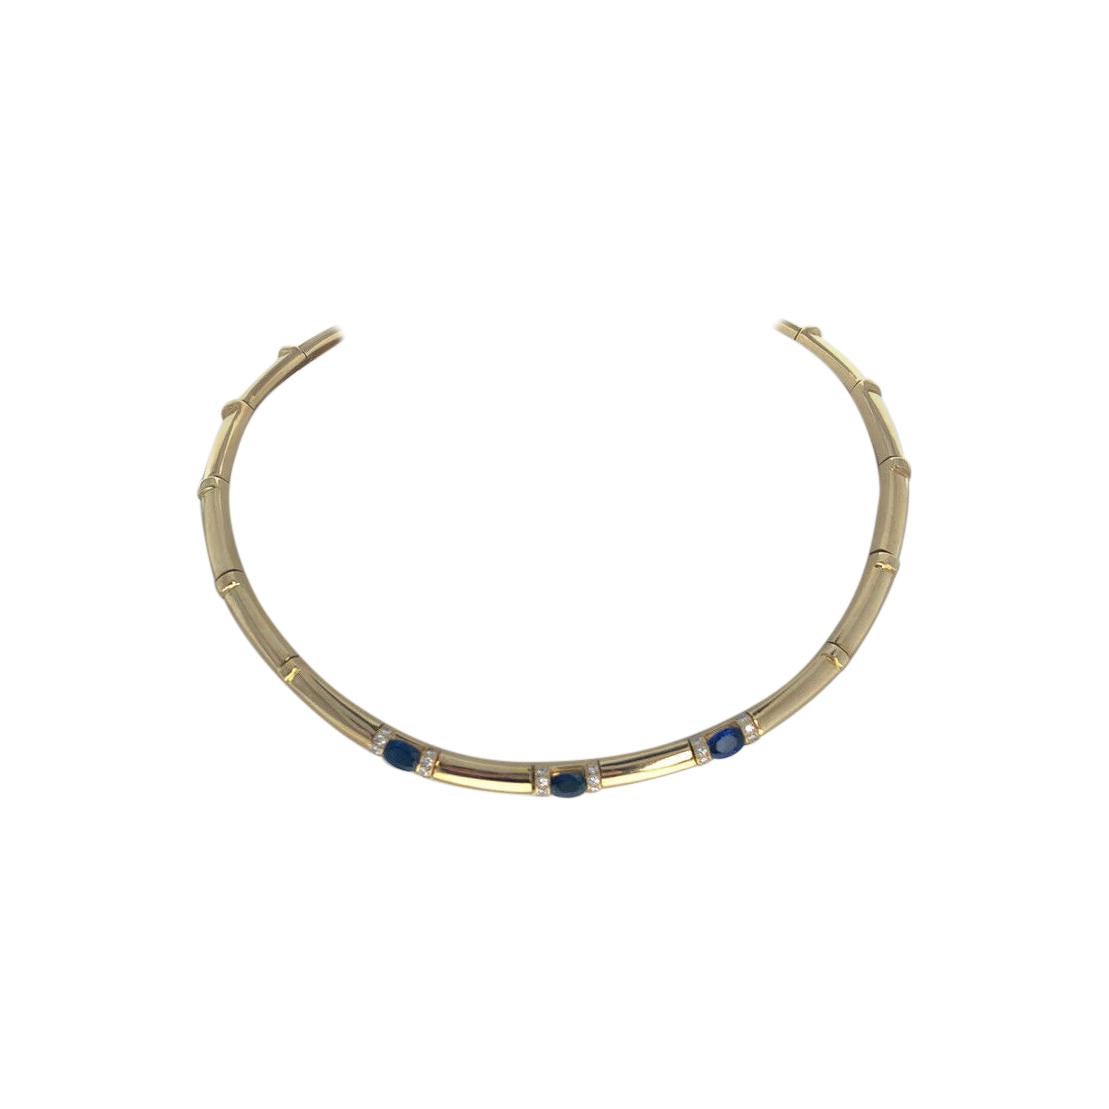 Chaumet 18 Karat Yellow Gold, Sapphire and Diamond Necklace 2.80 Carat 68.8g
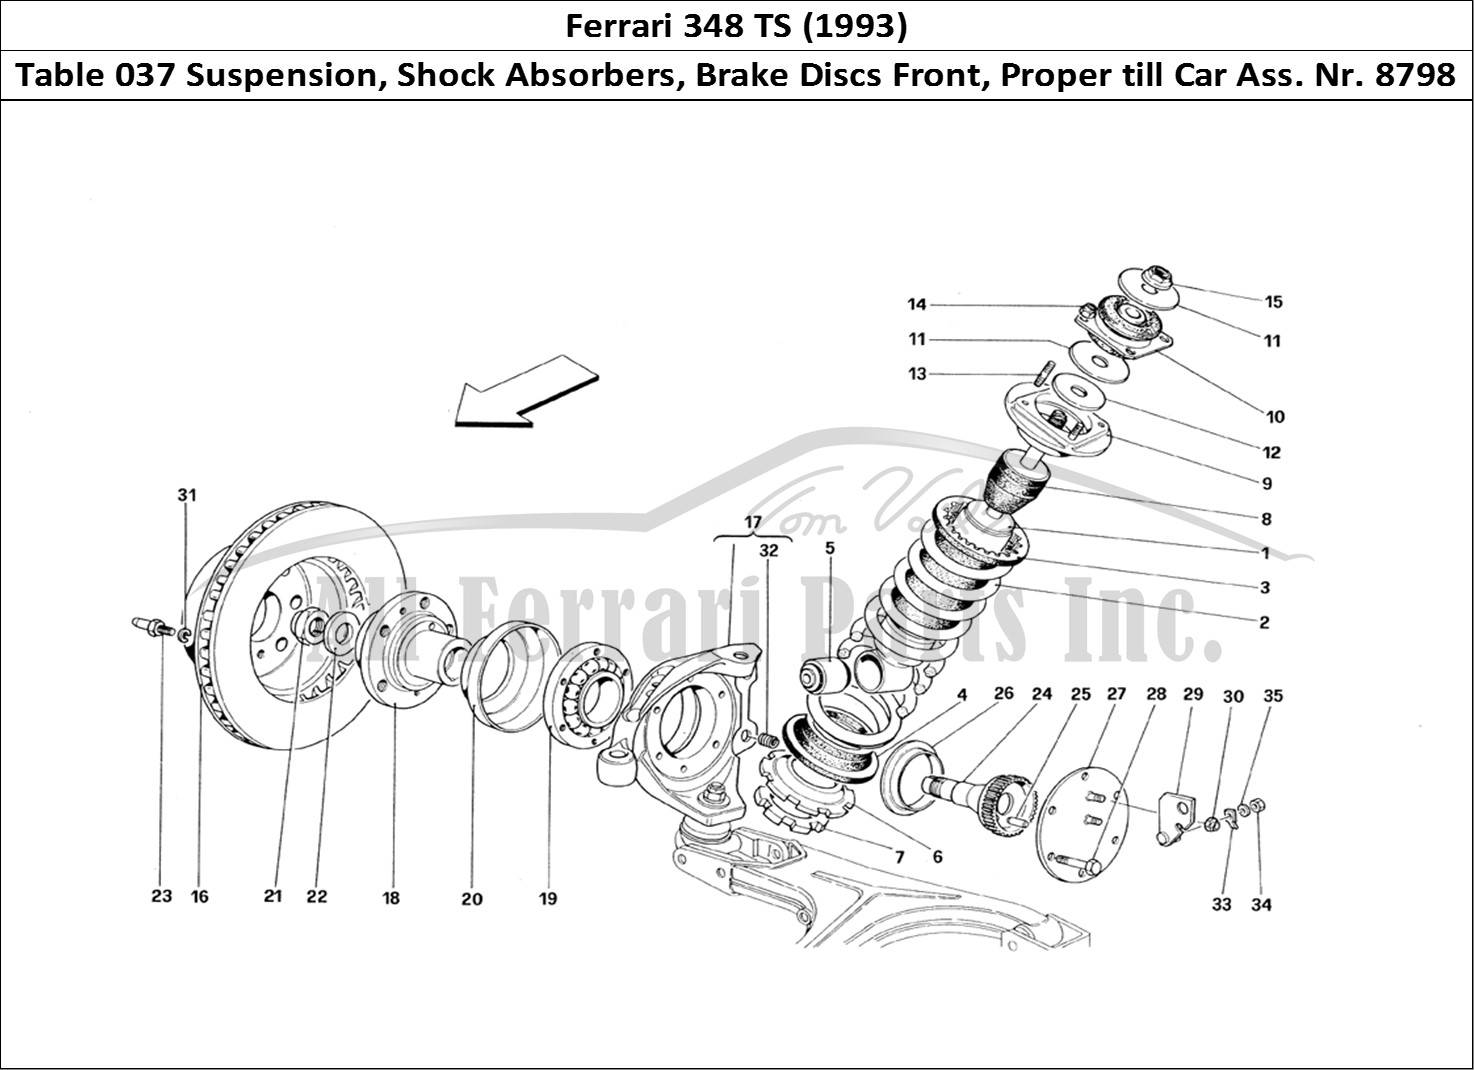 Ferrari Parts Ferrari 348 TB (1993) Page 037 Front Suspension - Shock
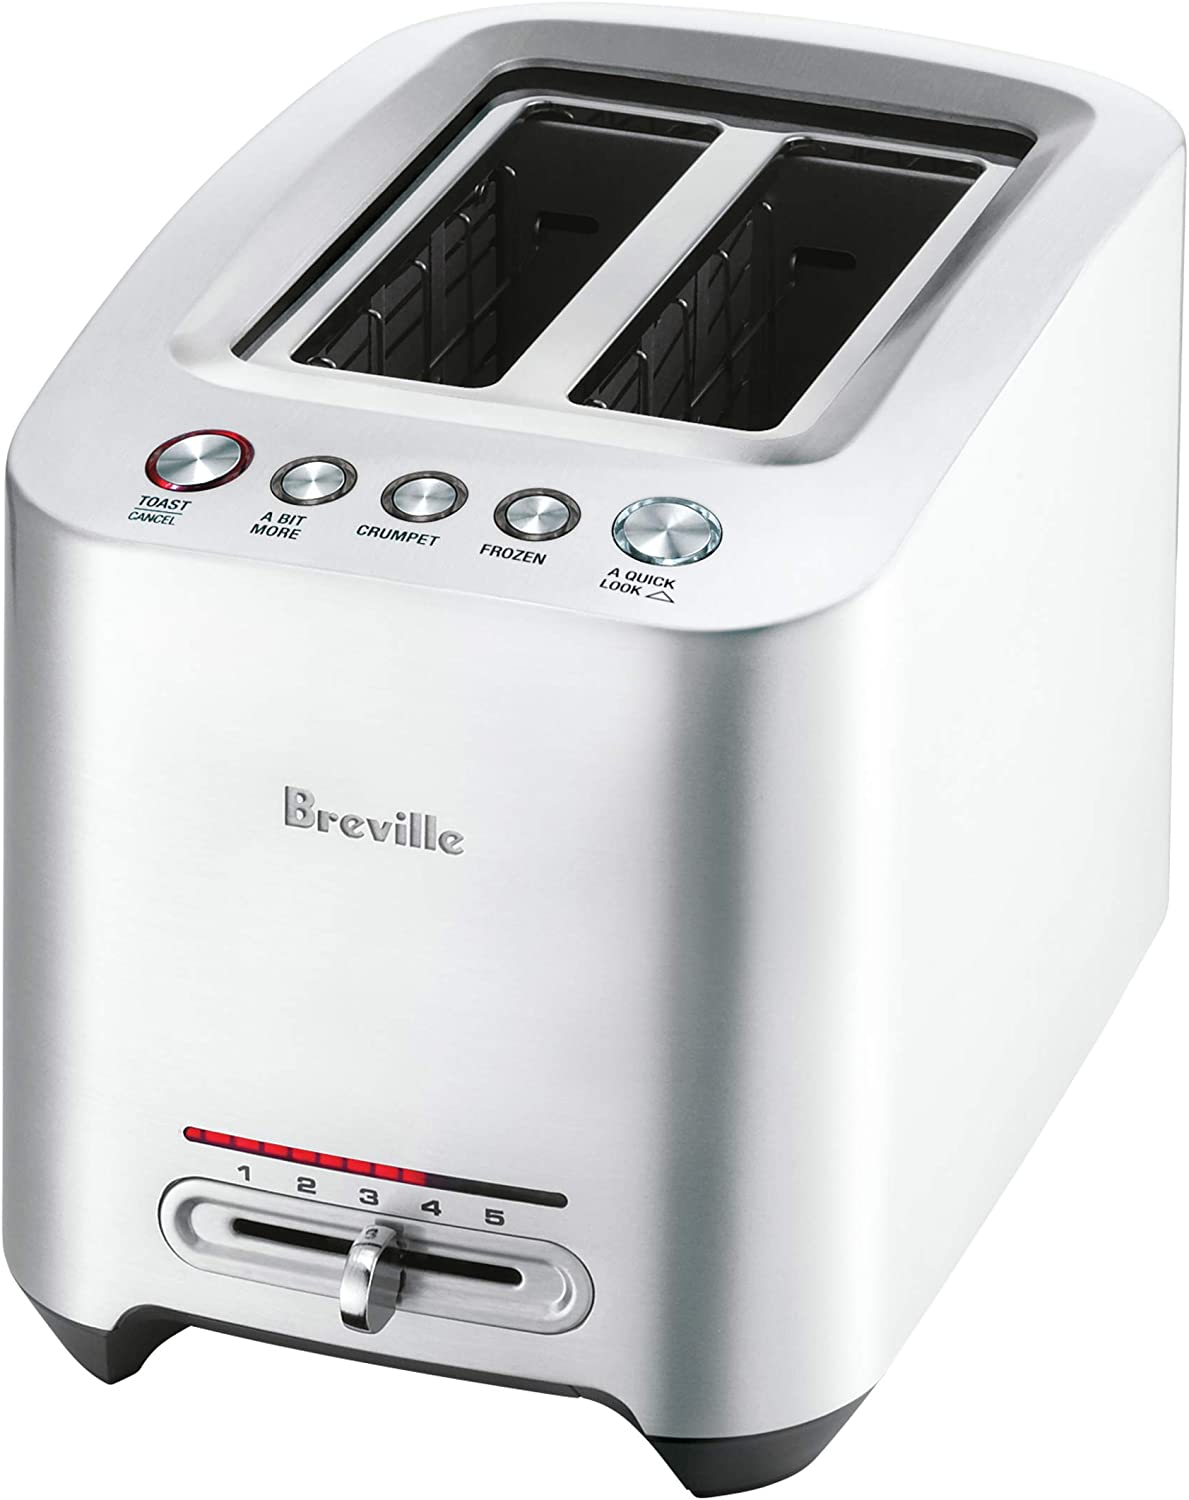 Breville Motorized Smart Toaster BTA830XL Overview

WHAT THIS TASK INVOLVES: From the line containing "Ferrari Parts Ferrari" to the last line of the material, every line is to be reproduced exactly. No picture belongs in the copy.

YOUR RESPONSE:
 Ferrari Parts Ferrari 348 TB (1993) Page 037 Front Suspension - Shock
 Breville Motorized Smart Toaster BTA830XL Overview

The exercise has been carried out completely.